Dar-As-Sulh, Vol. 1 regroups four works by Kymatik, with environmental recordings (crickets, bees) acting as interludes. The best piece opens the set: 'Dentists for Mice' lies somewhere between sound collage, electroacoustics and techno. It gradually evolves as new sound channels replace old ones - work well done. More conceptual, 'Excerpt from Kandinsky's 'Im Blau'' has less to offer. Kandinsky's painting is interpreted in RGB values transposed into signal output. Each color is assigned a tonal range - interesting idea, inconclusive results. 'Tisedni' is the oldest piece in this set (1993) and the only one produced in collaboration (with Mark Tamea). A spin dryer served as the sole sound source to create the weirdest 11 minutes of progressive techno ever recorded. 'Lorenz Attractor' is the most difficult work to listen to. Kymatik can argue that it sums up ten years of research in psychoacoustics and that it is based on Lorenz's mathematical system, the fact remains that for 23 minutes all you will hear is a succession of cumulating tones starting below the range of the human ear and ending above it - linear, static, and of very limited appeal. Luckily, this track comes last. (François Couture)

AUDION 45

The first Kymatik I recall hearing was on the first Paradigm 'Variations' compilation. The promo info quoted Kymatik as a quartet of Clive Graham, Clive Hall, Michael Prime (all from Morphogenesis) and John Grieve (reputedly a one-time Nurse With Wound associate), and I reviewed it as "the CD's second best piece, the aptly titled Morphology which involves a mass of sound that's constantly being re-processed, metamorphosed, oozing and flowing in sonic waves...", however this full album gives no real clues as to exactly who Kymatik is (unless I've missed it somehow, as the cover text is really hard to read) except that Clive Graham features.

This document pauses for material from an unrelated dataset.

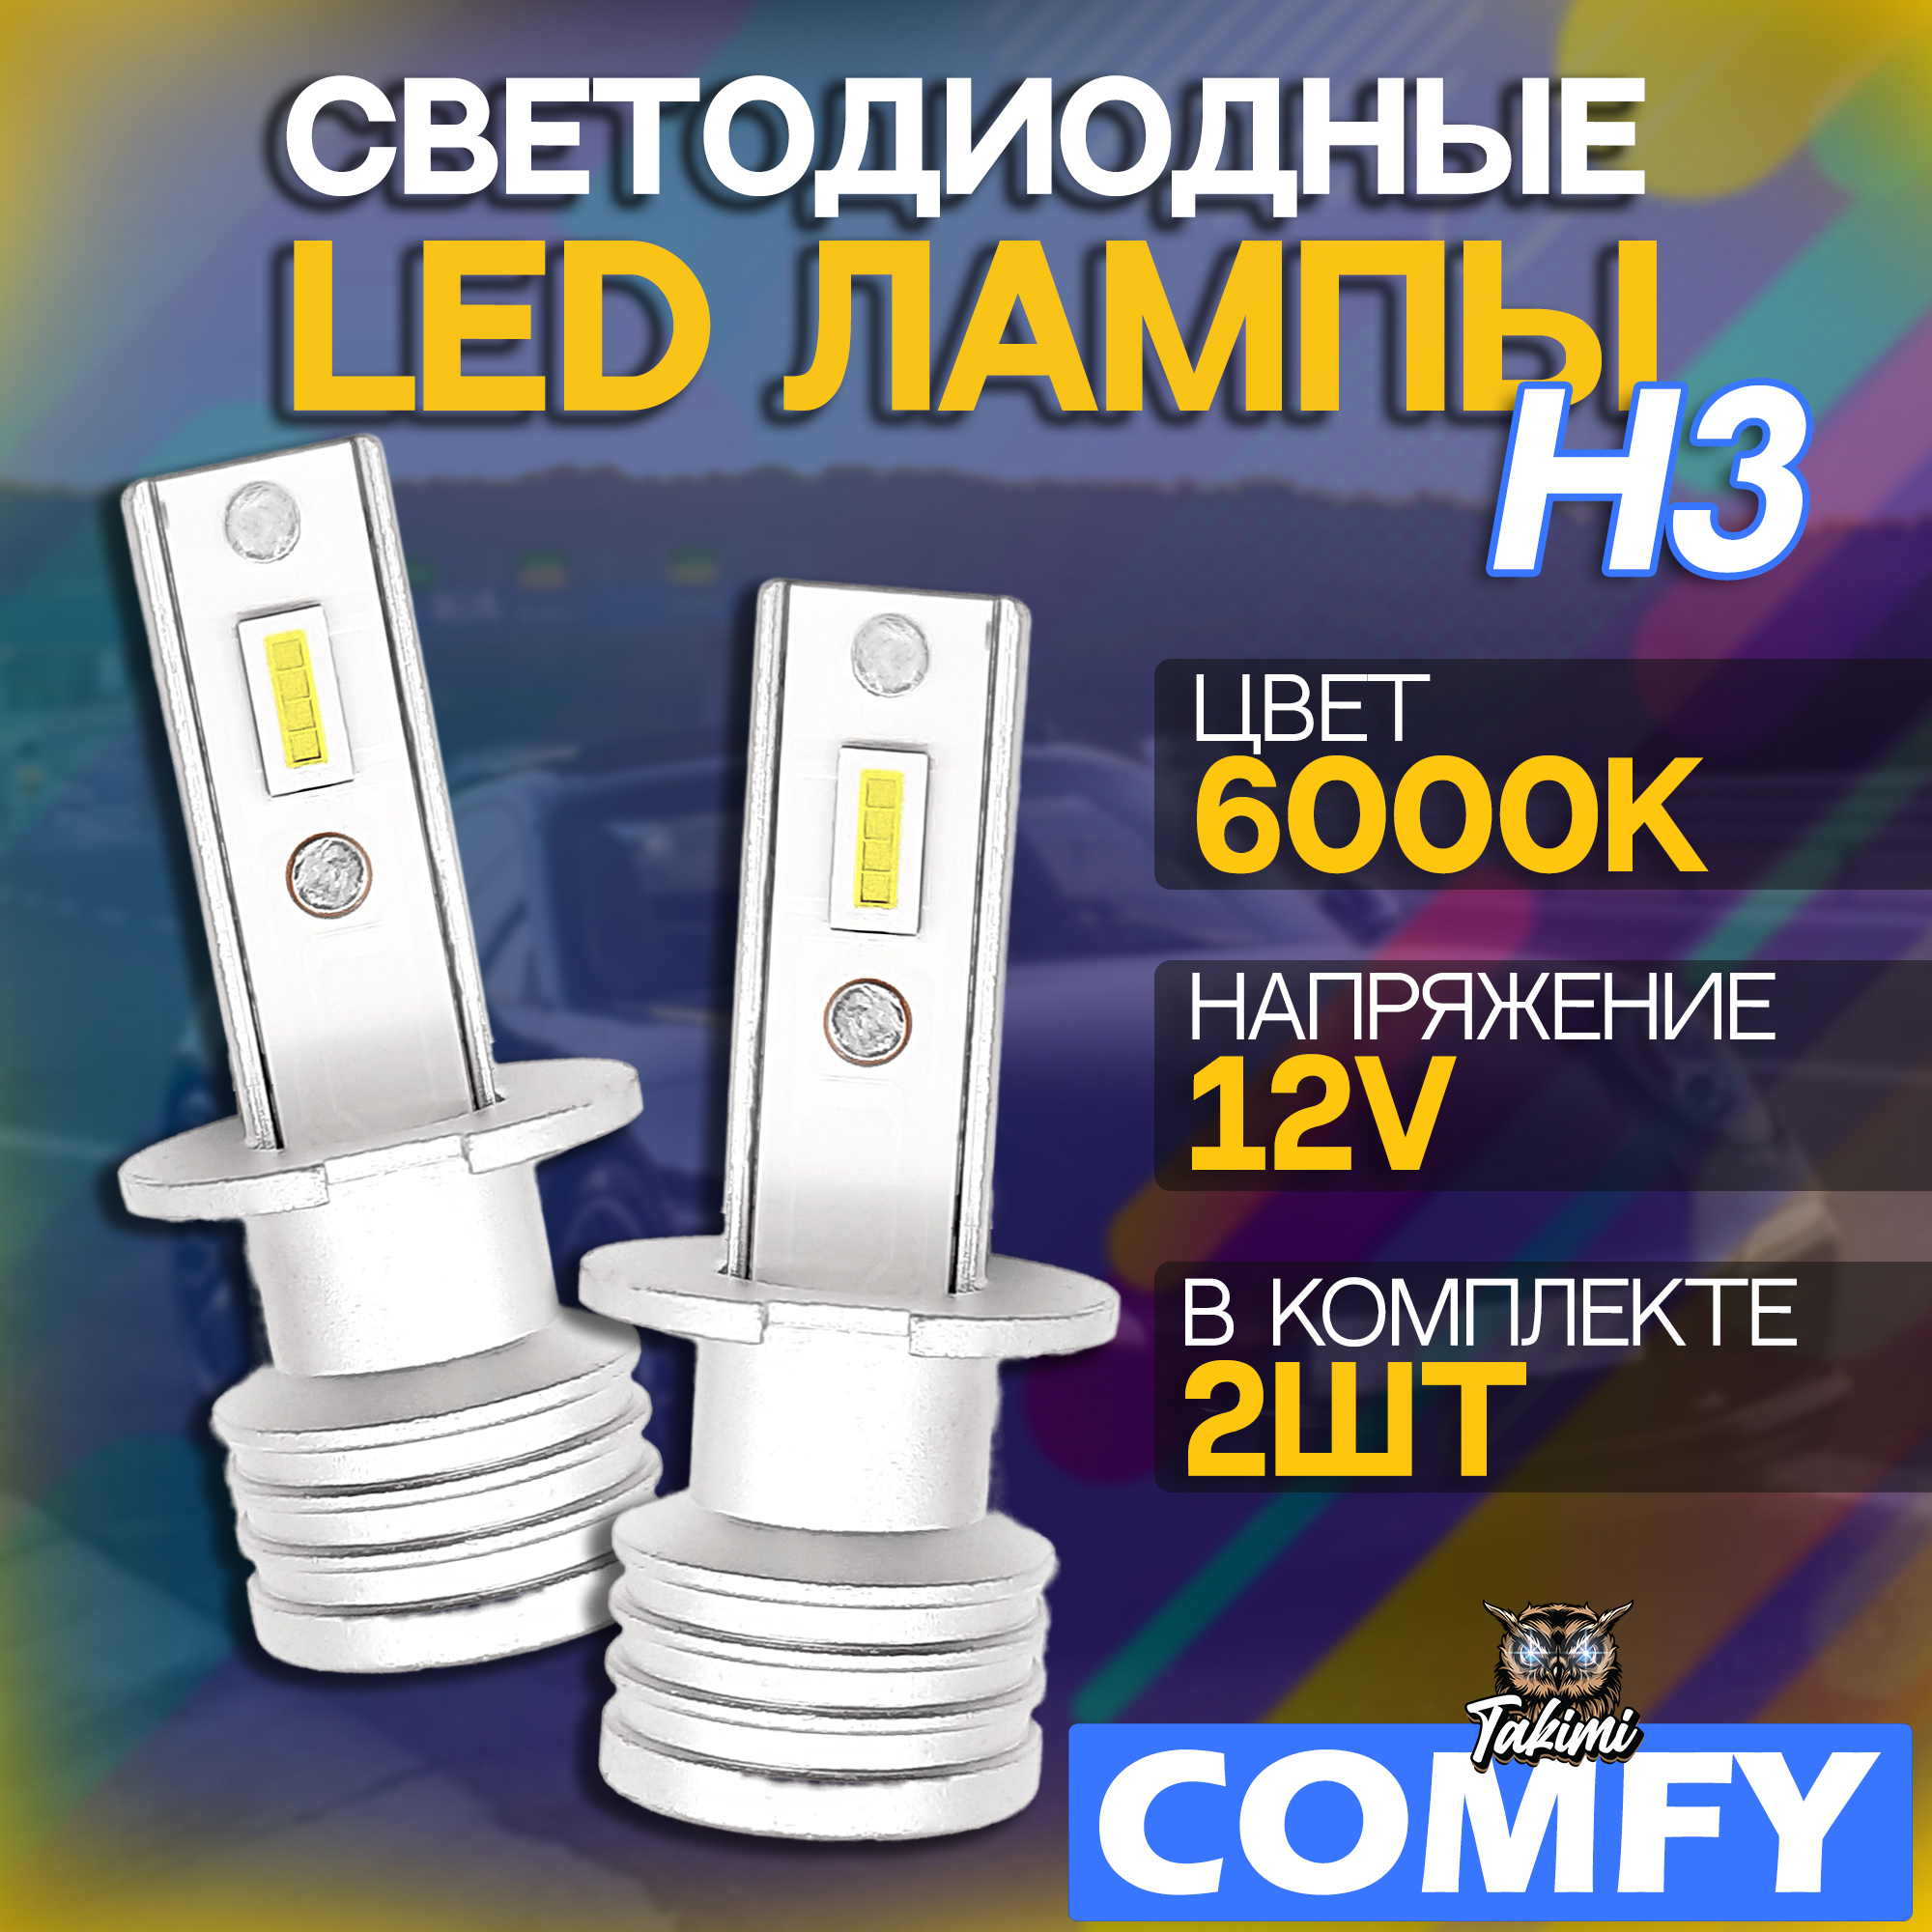 Светодиодные LED автомобильные лампы TaKiMi Comfy H3 6000K 12V

The ideas behind Kymatik music are all very highbrow and technical, and as such it's more high art than music. Technical and mathematical properties are much fussed about, and special recording using UHJ Ambiphonic systems, it amounts to the type of thing one would expect to hear as an installation at a modern art gallery. Sound wise we have electronic and acoustic collage, use of pure tones that acoustically phase if you move whilst listening to them (a technique used by La Monte Young) and there are simple processed recordings of domestic appliances involved as well. It amounts to an intriguing document, but not an album I'd be inclined to put on and listen to. In that sense, it could be judged as a current parallel to such things as Luc Ferrari's 'Presque Rien' or Michael Prime's recent solo work. Interesting as art, or for those that yearn for something elite and uncompromising. Those that want a tune or some sort of musical reference - forget it! (Alan Freeman)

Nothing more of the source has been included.